Tosetti Francesca, Venè Roberta, Camodeca Caterina, Nuti Elisa, Rossello Armando, D'Arrigo Cristina, Galante Denise, Ferrari Nicoletta, Poggi Alessandro, Zocchi Maria Raffaella
Unit of Molecular Oncology and Angiogenesis, Ospedale Policlinico San Martino, Genoa, Italy.
Division of Immunology, Transplants and Infectious Diseases, San Raffaele Scientific Institute, Milan, Italy.
Oncoimmunology. 2018 Jan 19;7(5):e1421889. doi: 10.1080/2162402X.2017.1421889. eCollection 2018.
Shedding of ADAM10 substrates, like TNFα, MICA or CD30, is reported to affect both anti-tumor immune response and antibody-drug-conjugate (ADC)-based immunotherapy. Soluble forms of these molecules and ADAM10 can be carried and spread in the microenvironment by exosomes released by tumor cells. We reported new ADAM10 inhibitors able to prevent MICA shedding in Hodgkin lymphoma (HL), leading to recognition of HL cells by cytotoxic lymphocytes. In this paper, we show that the mature bioactive form of ADAM10 is released in exosome-like vesicles (ExoV) by HL cells and lymph node mesenchymal stromal cells (MSC). We demonstrate that ADAM10 inhibitors are released in ExoV by MSC or HL cells, endocytosed by bystander cells and localized in the endolysosomal compartment in HL MSC. ExoV released by HL cells can enhance MICA shedding by MSC, while ExoV from MSC induce TNFα or CD30 shedding by HL cells. Of note, ADAM10 sheddase activity carried by ExoV is prevented with the ADAM10 inhibitors LT4 and CAM29, pretreating either the ExoV-producing or the ExoV-receiving cells. In particular, both inhibitors reduce CD30 shedding maintaining the anti-tumor effects of the ADC Brentuximab-Vedotin or the anti-CD30 Iratumumab on HL cells.
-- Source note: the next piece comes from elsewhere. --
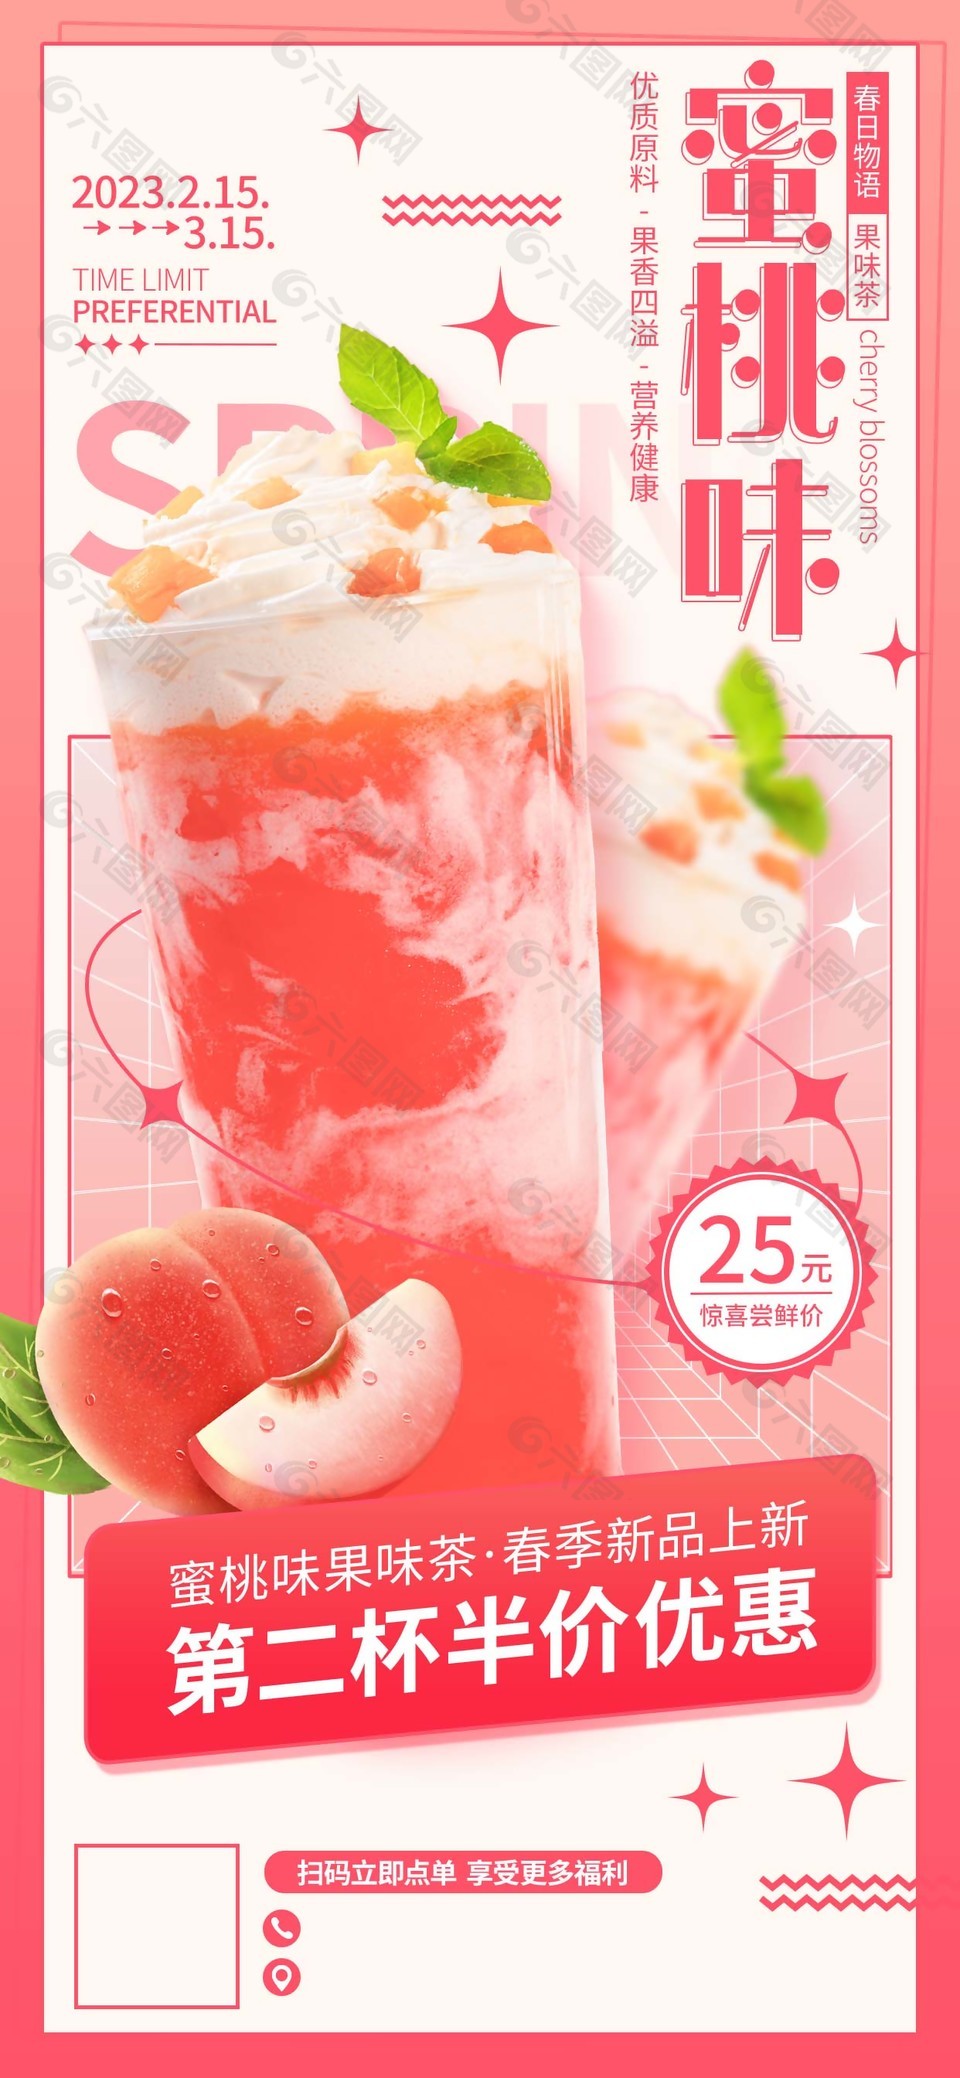 新品蜜桃味奶茶海报素材设计

Thus, spreading of ADAM10 activity due to ExoV can result in the release of cytokines, like TNFα, a lymphoma growth factor, or soluble molecules, like sMICA or sCD30, that potentially interfere with host immune surveillance or immunotherapy. ADAM10 blockers can interfere with this process, allowing the development of anti-lymphoma immune response and/or efficient ADC-based or human antibody-based immunotherapy.
据报道,ADAM10底物(如TNFα、MICA或CD30)的脱落会影响抗肿瘤免疫反应和基于抗体药物偶联物(ADC)的免疫疗法。这些分子的可溶性形式和ADAM10可通过肿瘤细胞释放的外泌体在微环境中携带和传播。我们报道了能够阻止霍奇金淋巴瘤(HL)中MICA脱落的新型ADAM10抑制剂,从而导致细胞毒性淋巴细胞对HL细胞的识别。在本文中,我们表明HL细胞和淋巴结间充质基质细胞(MSC)将成熟的生物活性形式的ADAM10释放到类外泌体囊泡(ExoV)中。我们证明,ADAM10抑制剂由MSC或HL细胞释放到ExoV中,被旁观者细胞内吞并定位在HL MSC的内溶酶体区室中。HL细胞释放的ExoV可增强MSC的MICA脱落,而MSC释放的ExoV可诱导HL细胞的TNFα或CD30脱落。值得注意的是,用ADAM10抑制剂LT4和CAM29预处理ExoV产生细胞或ExoV接收细胞,可阻止ExoV携带的ADAM10裂解酶活性。特别是,两种抑制剂都可减少CD30脱落,维持ADC药物Brentuximab-Vedotin或抗CD30药物Iratumumab对HL细胞的抗肿瘤作用。因此,ExoV导致的ADAM10活性传播可导致细胞因子(如淋巴瘤生长因子TNFα)或可溶性分子(如sMICA或sCD30)的释放,这些分子可能会干扰宿主免疫监视或免疫疗法。ADAM10阻滞剂可干扰这一过程,从而促进抗淋巴瘤免疫反应的发展和/或基于ADC或人源抗体的有效免疫疗法。